#ubuntu-autopilot 2015-03-02
<veebers> thomi: hey, you have a moment?
<thomi> veebers: depends
<veebers> thomi: heh, was just going to ask, what do you know about NotImplemented? I thought it was a 'normal' exception, but it's not a callable (like ValueError for instance)
<thomi> veebers: NotImplementedError is the callable
<veebers> thomi: ugh, of course, thanks :-)

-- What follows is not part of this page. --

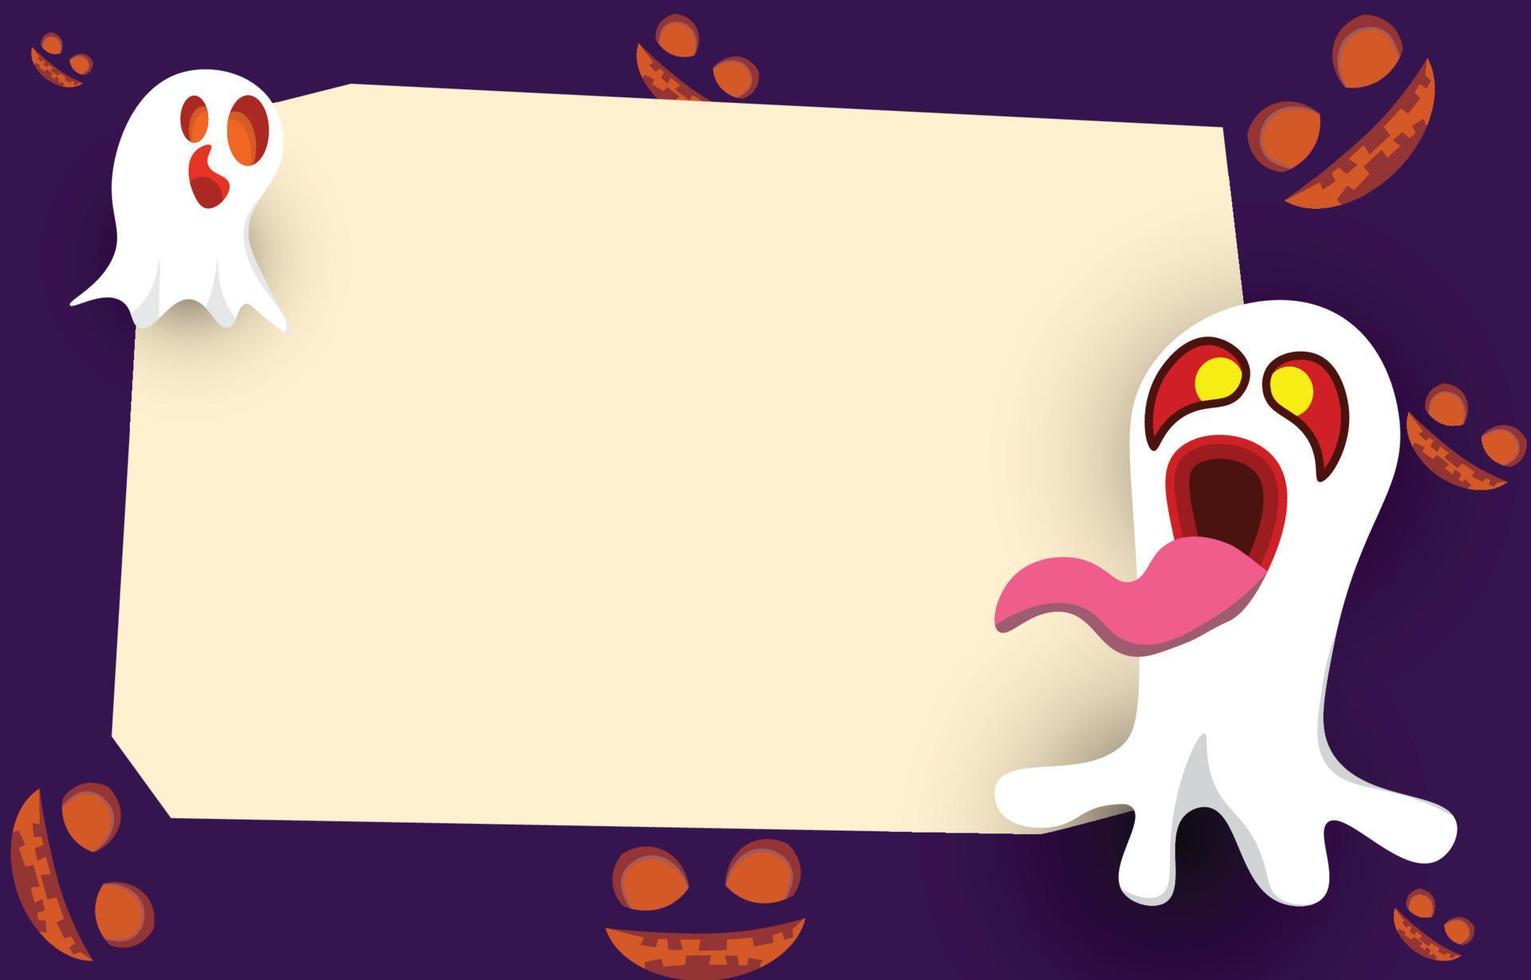 blank paper background with scary and fun ghost , with copy space for Halloween design or sale banner, vector illustration.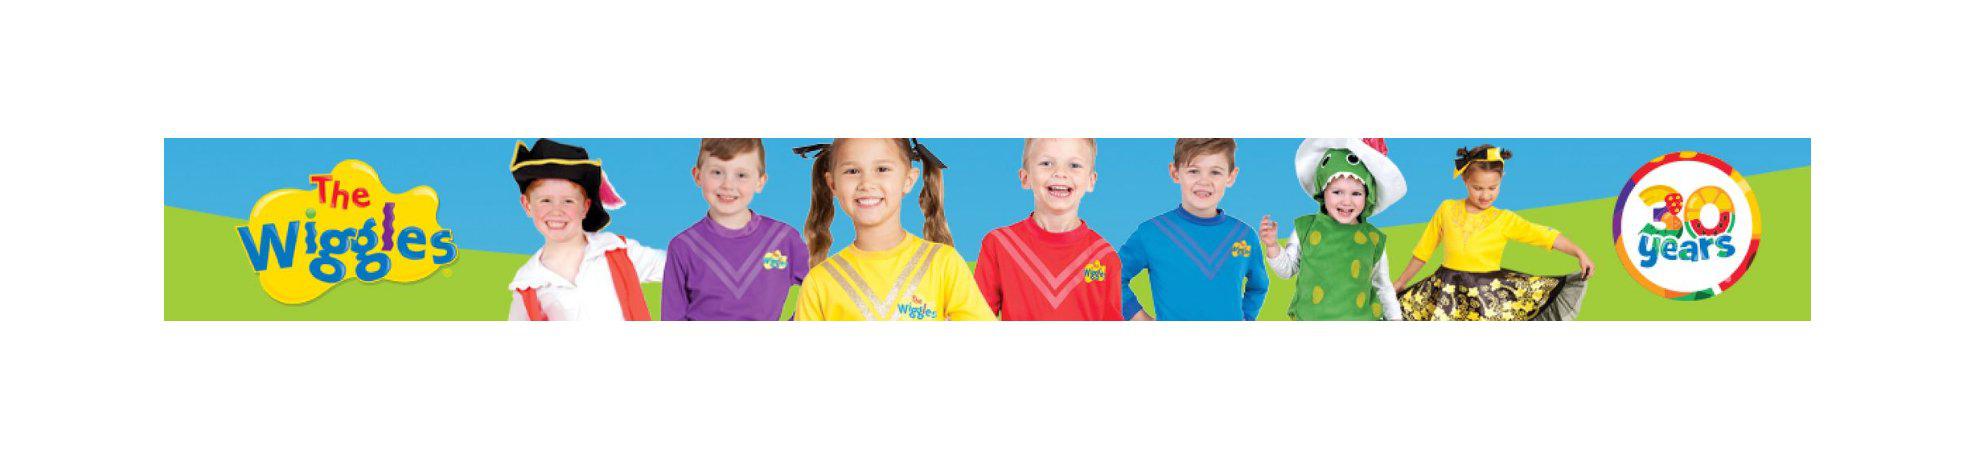 The Wiggles Costumes and Accessories - Kids Mega Mart

#ubuntu-autopilot 2015-03-03
<thomi> barry: got a second?
<barry> thomi: about to head to a meeting in 4m
<thomi> barry: this should be fast... I'm building a deb package, and quilt is complaining about upstream source changes, but I haven't made any, and the diff it's generating (to show me the changes I made) is  http://paste.ubuntu.com/10518520/
<thomi> it thinks I modified /dev/null? wtf?
<thomi> oh, or is that it's way of saying that I created an empty file?
<barry> thomi: the latter :)
<barry> thomi: maybe the test suite leaves a turd?
 * thomi rolls eyes
<thomi> yeah
<thomi> thanks :D
<thomi> thomas
<thomi> oops
<barry> thomi: np! :)
#ubuntu-autopilot 2015-03-04
<thomi> barry: I don't suppose you're still around?